Alam didn't hesitate nor did he go for the change in subject.  I thought, "He's not going to give me some lecture about why I should date Pakistani women is he?  This is absolutely not how I want to begin my work here."
"Sooo, what do you do with her?" 
"I'm saved," I thought.  I was relieved Alam was not one of those self-righteous people that always feel they need to judge Americans.  "Well, we go to movies. We go to restaurants for dinner. We spend time with friends.
"No, no.  I mean, what do you do with her in the bed?"
"Did I hear that right?  Did my superior, a UN doctor, just ask me about what I do in bed with my girlfriend?  Isn't this place supposed to be ultra-conservative?  What the fuck am I supposed to answer?  Wait! Clarification!  Yes, yes there must be some language gap here.  He must mean something else."
"I'm not sure I understand, Alam," I said with a furrowed brow.  "What, exactly, do you mean?"
"Oh, I mean, like what positions are you liking?  How do you like to do it?"
I couldn't believe what was happening.  I looked over at the nurses and midwives.  I was desperately hoping someone would comment that it was time to begin seeing patients.  I was hoping a meteor would hit.  Anything, anything to stop this conversation. Did I just hear a Taliban rocket? “What does he think," I wondered, "that Americans are all sex-crazed miscreants who live real-life Cinemax movies?
"I see.  Ummm.  I'm sorry, I'm not really comfortable answering this question."
"O.K.  Tell me, are you a good fucker?" 
"What?"
"Oh, I am a very good fucker," Alam said confidently while smiling and gesturing with his forearm and upper leg. 

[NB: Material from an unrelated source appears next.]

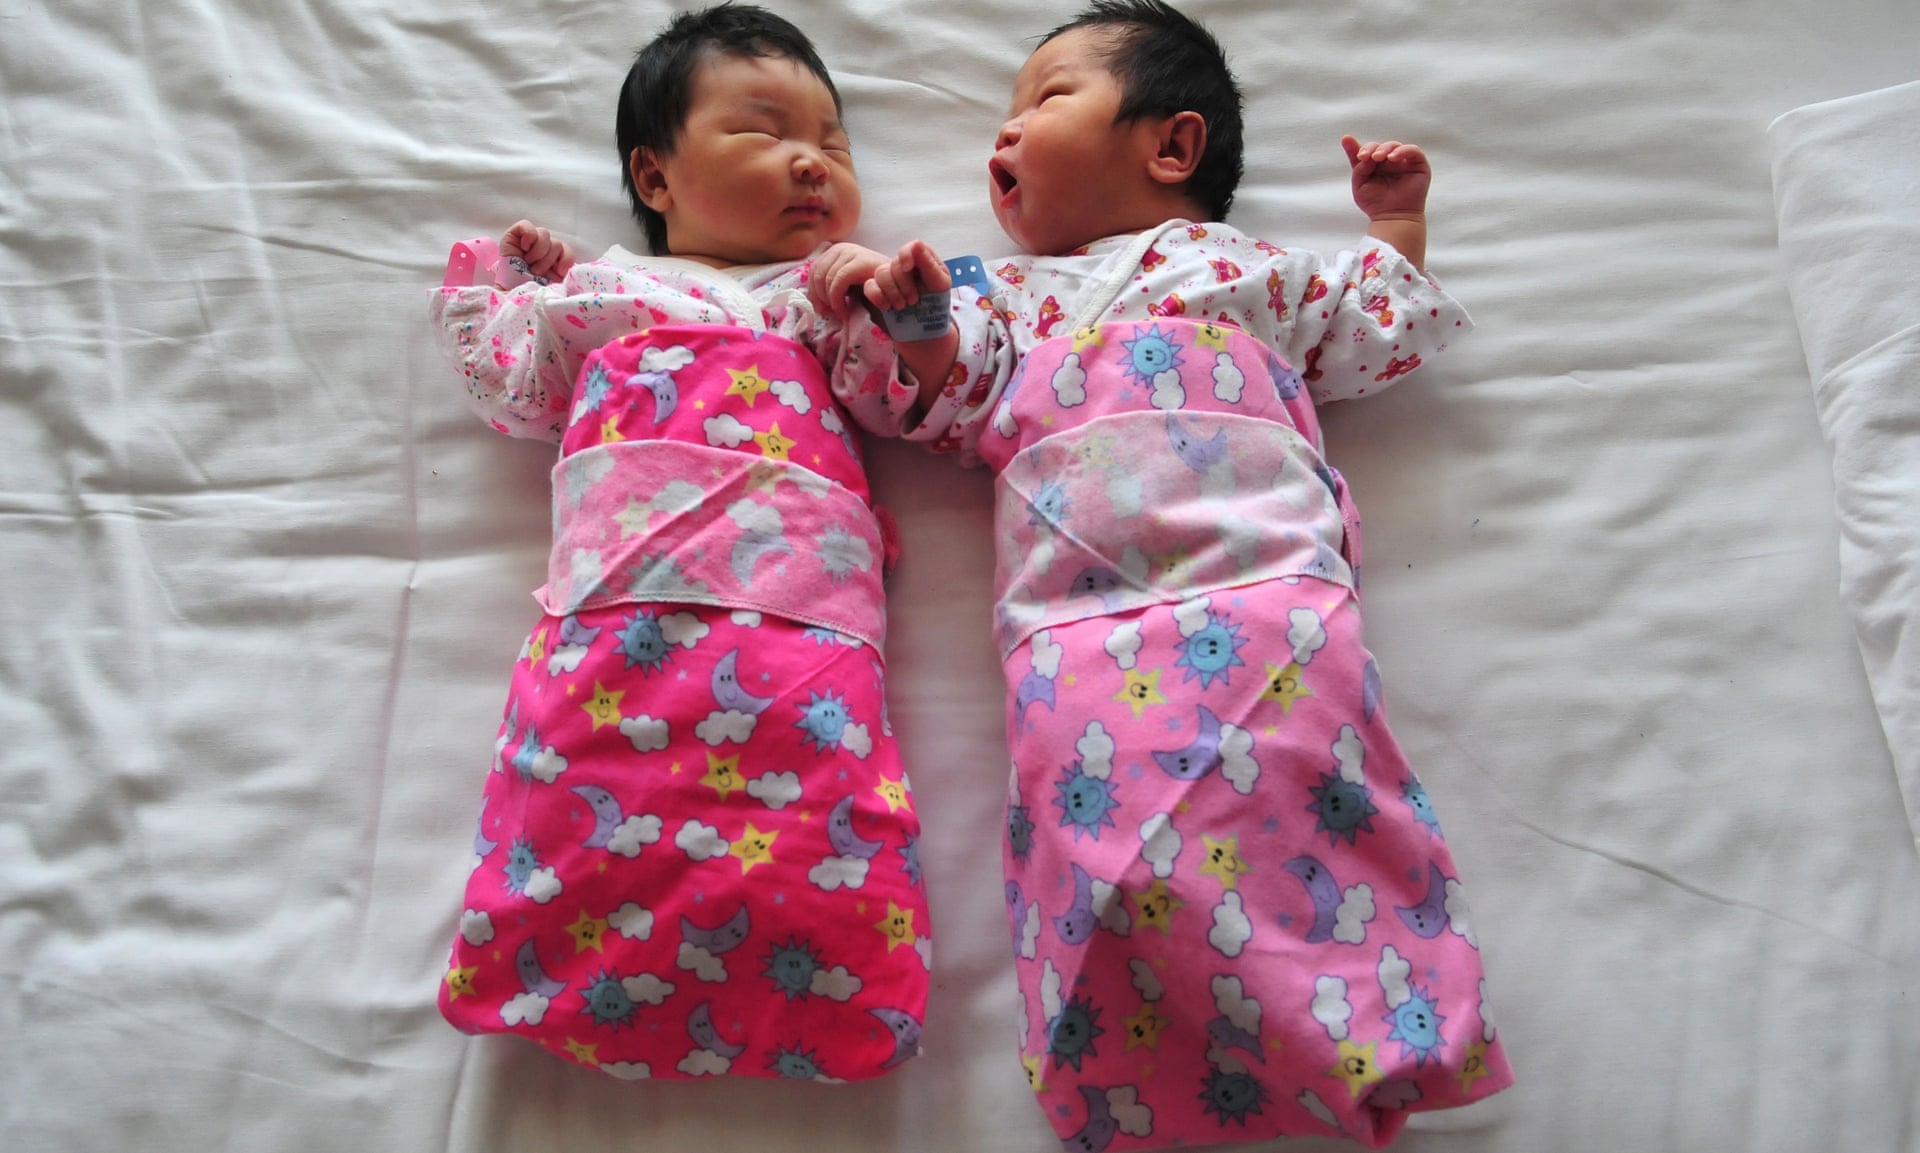 Nhiều gia đình ở Trung Quốc chỉ sinh một con do các nguyên nhân chi phí giáo dục và nhà ở đắt đỏ - Ảnh: AFP/Getty Images

I had to ask myself whether this was all really happening.  I mused that it might be the heat that was making me imagine this whole situation.  But in my heart I knew this was, in fact, reality.  It was officially the most bizarre first day that I could ever imagine.  "Please, God," I pleaded" I will never question another girl who claims to have been sexually harassed in the workplace.  Just please, I beg of you, get me out of this conversation!"  In a desperate attempt to change the subject, I asked, "So, Alam, tell me about your wife.  What is her name?"
"Oh, ha, ha, ha," Alam laughed as people often do when a social custom has been violated by an outsider. "We do not consider it appropriate to talk about our wives here in Peshawar."